• Information supplied
▬▬▬▬▬▬

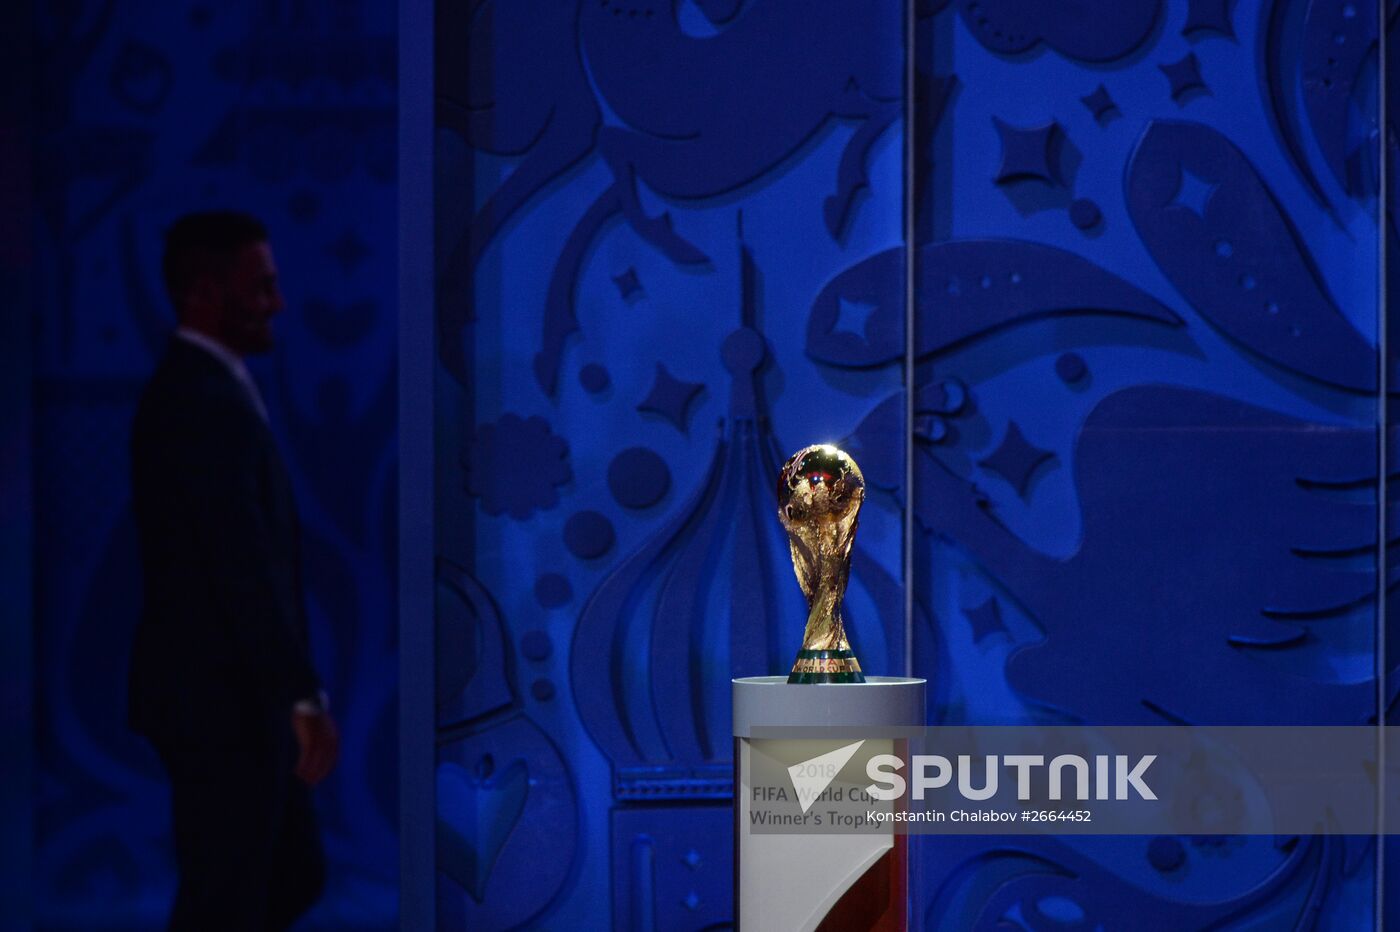 2018 FIFA World Cup Russia Preliminary Draw
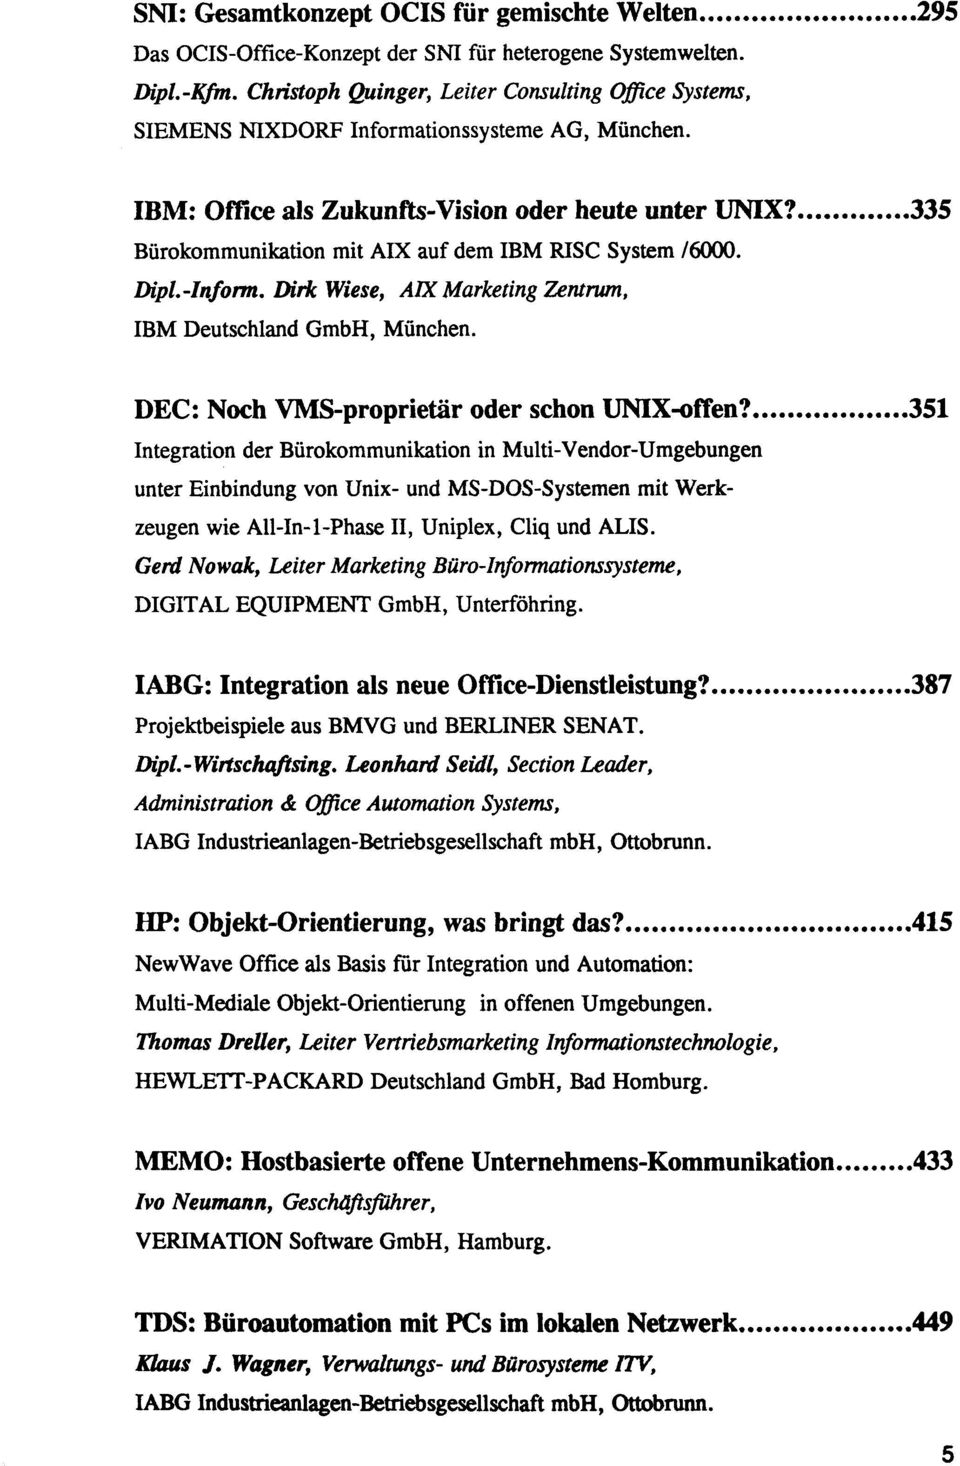 335 Burokommunikation mit AIX auf dem IBM RISC System /6000. Dipl.-Inform. Dirk Wiese, AIX Marketing Tantrum, IBM Deutschland GmbH, Munchen. DEC: Noch VMS-proprietar oder schon UNIX-offen?
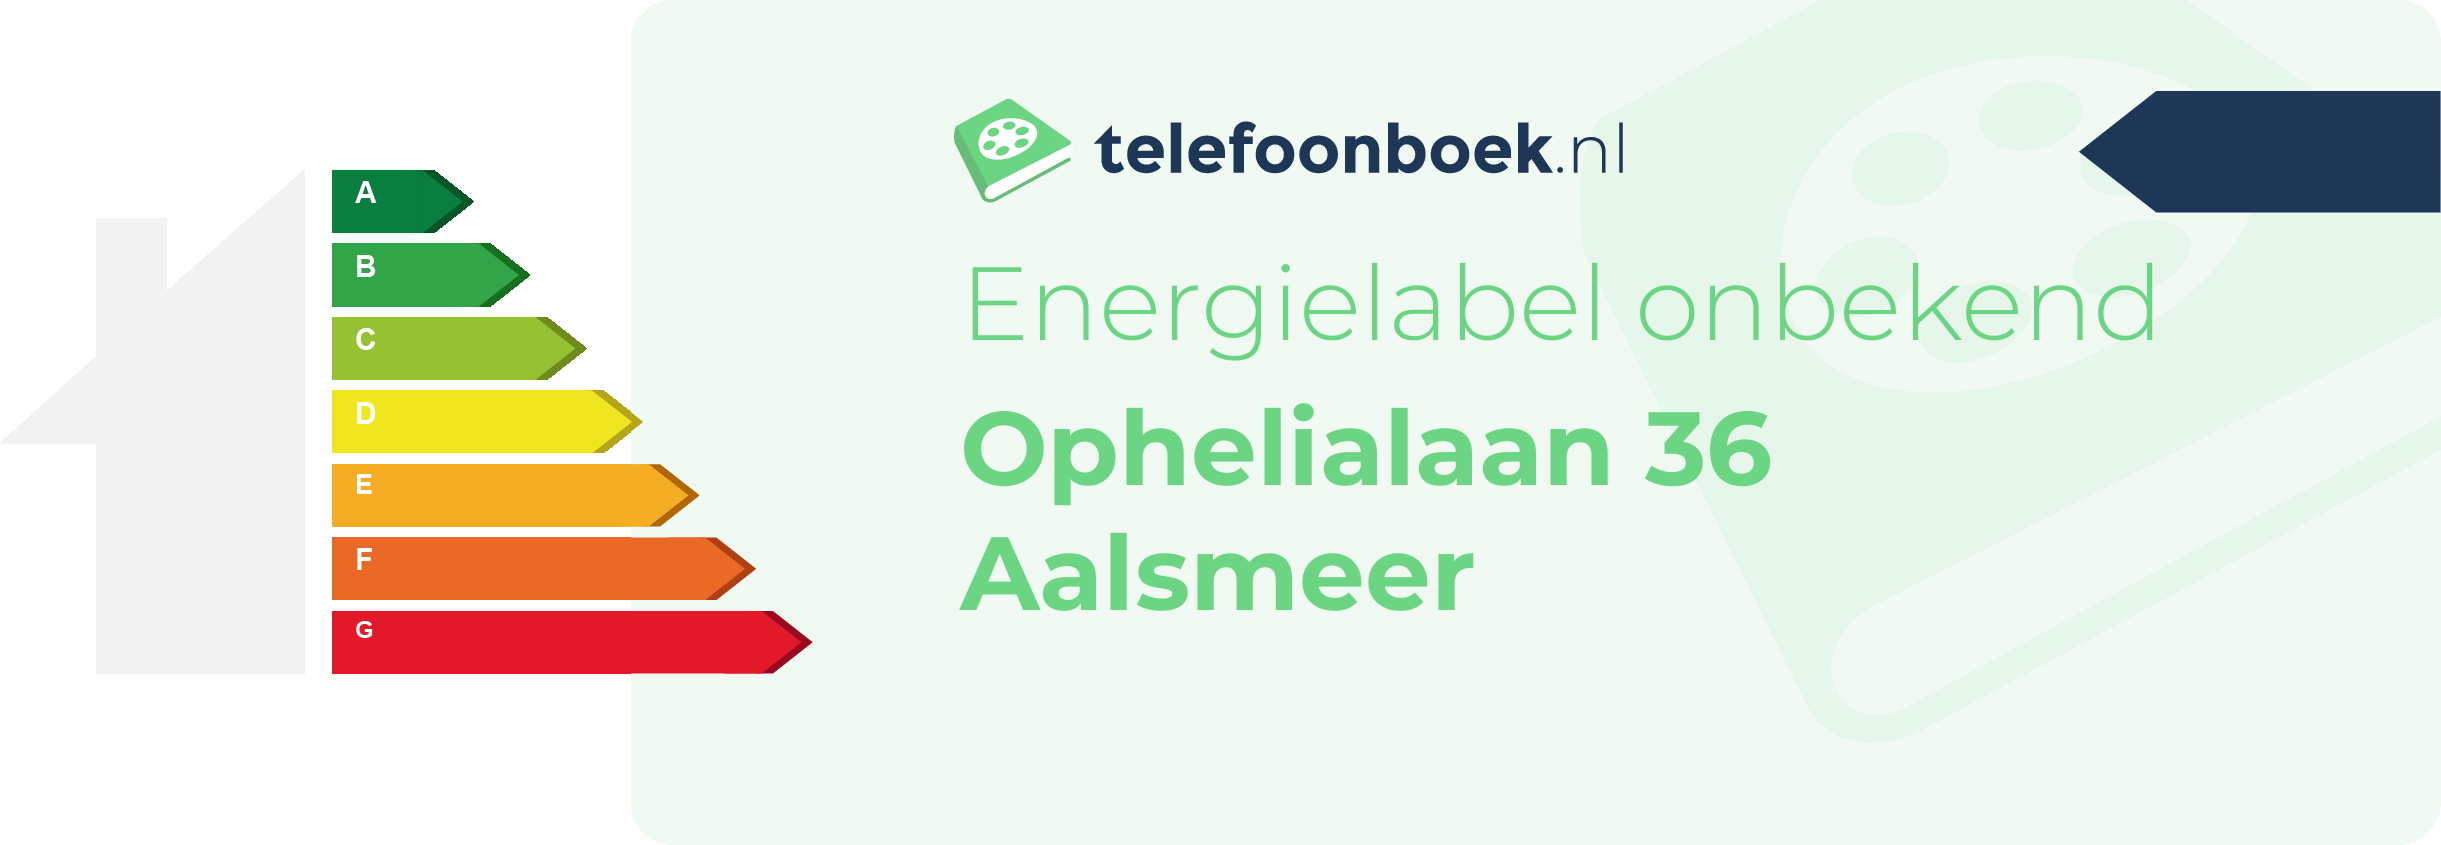 Energielabel Ophelialaan 36 Aalsmeer

▬▬▬▬▬▬

• What is needed
Print the material in full and exactly; the pictures must not be printed.

• Task result
 2018 FIFA World Cup Russia Preliminary Draw
 335 Burokommunikation mit AIX auf dem IBM RISC System /6000. Dipl.-Inform. Dirk Wiese, AIX Marketing Tantrum, IBM Deutschland GmbH, Munchen. DEC: Noch VMS-proprietar oder schon UNIX-offen?
 Energielabel Ophelialaan 36 Aalsmeer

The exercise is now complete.